Originally Posted by Demdike@Cult Labs (Post 676920)
Wow! Yes, Mr.B. 100% You need to be ill and go see this.

It's probably my number one modern title most wanted on Blu-ray.

Just checked the time and date for Trick 'R' Treat the day that plays I think I'm on the first day of my holiday for that week, If you guys are recommending it then tickets will be bought.

MrBarlow 8th October 2022 04:14 AM

1 Attachment(s)
The House That Dripped Blood. 1971.

A policeman looks into four mysterious crimes that have happened that are centered round a mysterious house.

Method For Murder
A novelist working on his new book encounters a man that resembles the villain from his new book.

Waxworks
Two men visit a waxworks and a women made of wax resembles someone from their past.

Sweets To The Sweets.
A widowed man and his daughter move into the house and the daughter slowly becomes obsessed in witchcraft.

The Cloak
Horror movie actor Paul Henderson is looking for a authentic cloak to use for his new movie and finds one and it gives him vampire features which he can't understand.

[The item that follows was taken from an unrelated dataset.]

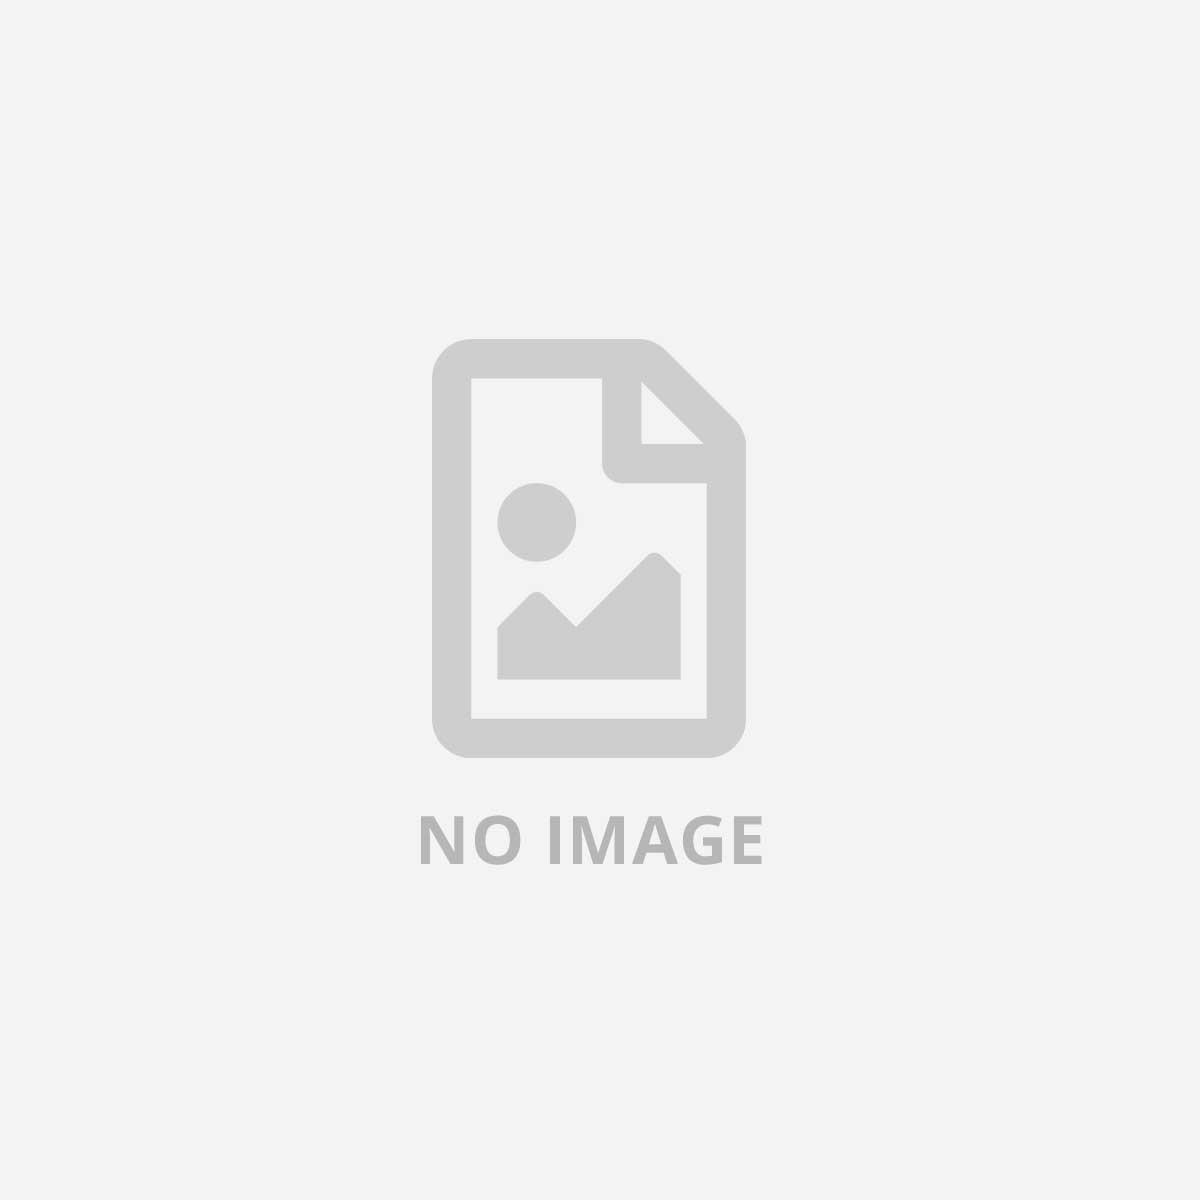 LINDY MODULO PER HDD2.5 POL SATA SAS SSD
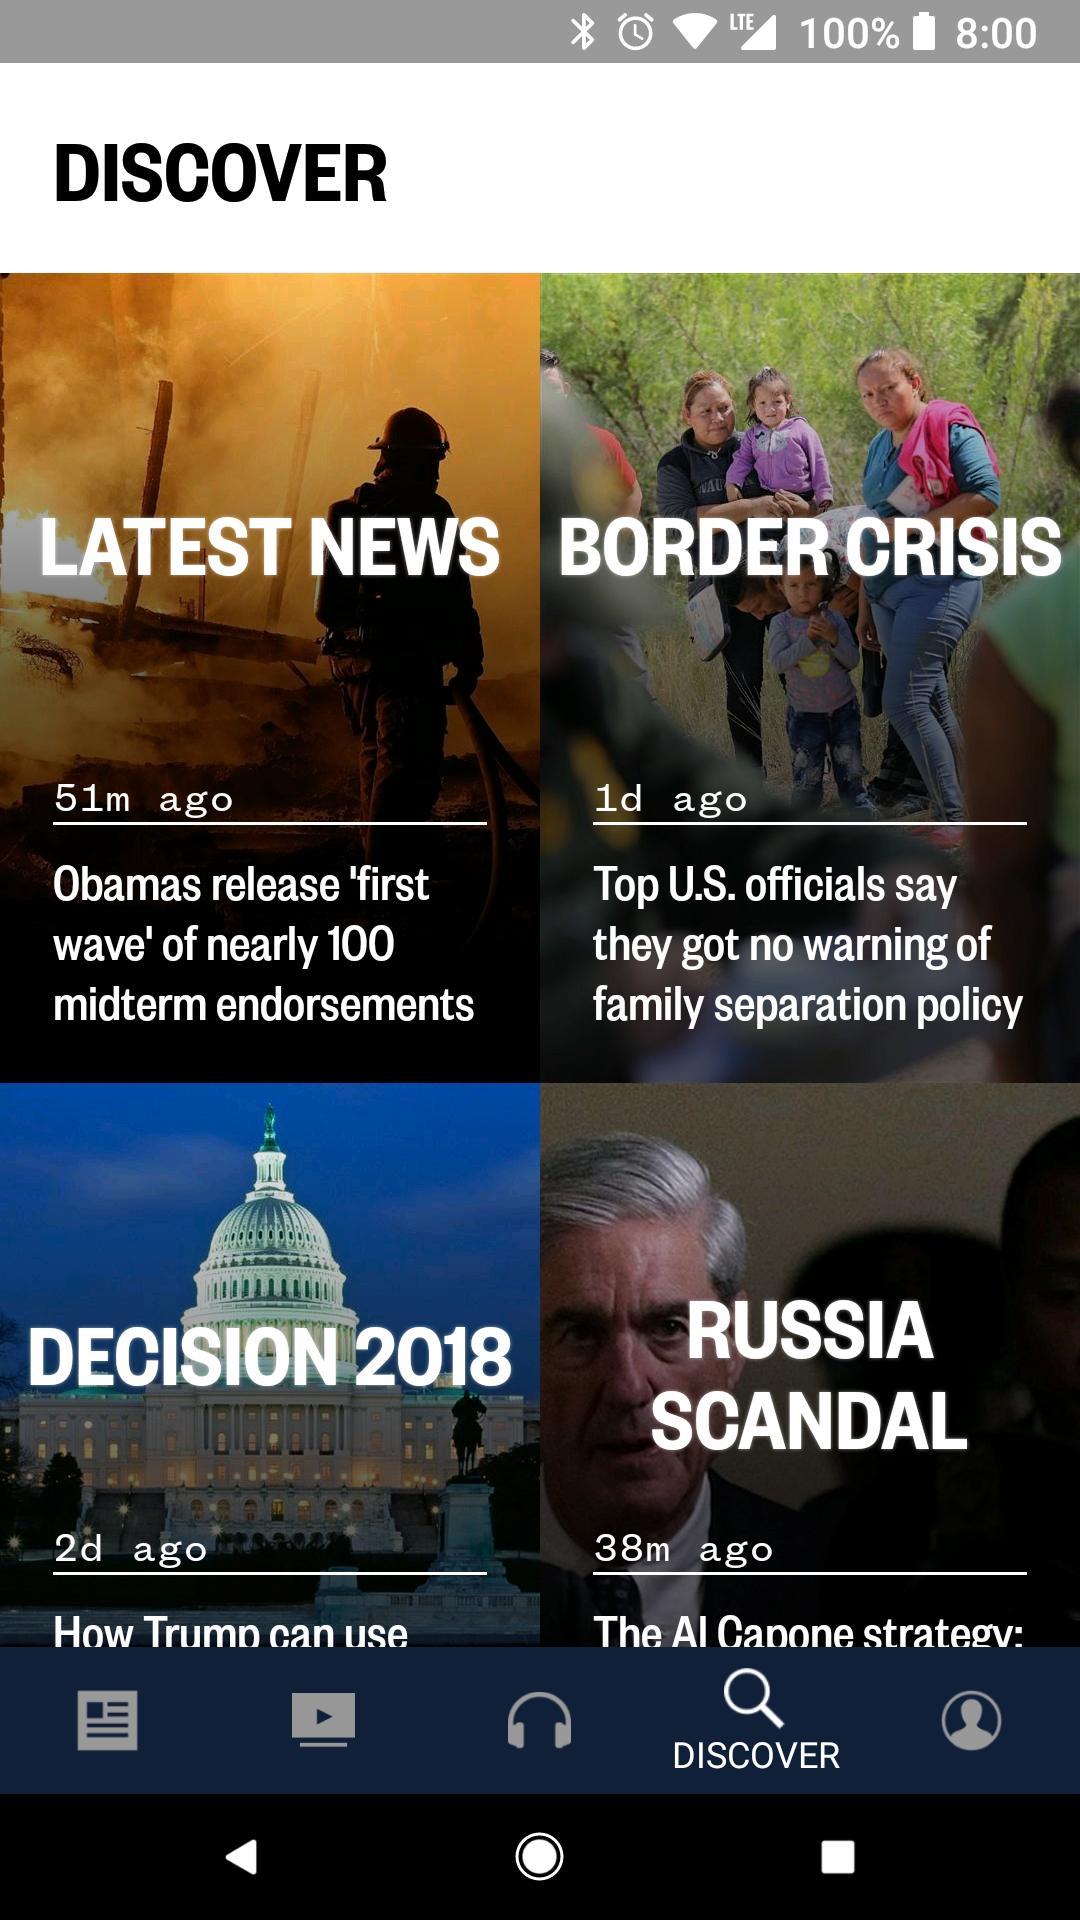 NBC News: Breaking News, US News & Live Video 6.0.11 Screenshot 4

Another Amicus anthology film with some well known actors and some familiar faces, I will admit the first story with Denholm Elliott has always been a let down for me, no disrespect he was a great actor and does have a good plot twist but seemed a bit dull.

The second stars Peter Cushing and Joss Ackland, both main leads in this have great chemistry together and believing they are seeing the same thing, being in a small building that builds up the claustrophobic atmosphere works really well.

Christopher Lee actually playing a strict father worked well for him with this and be over protective till a home tutor comes and draws out some darkness from his daughter that is quite played out well with Chloe Franks as his daughter.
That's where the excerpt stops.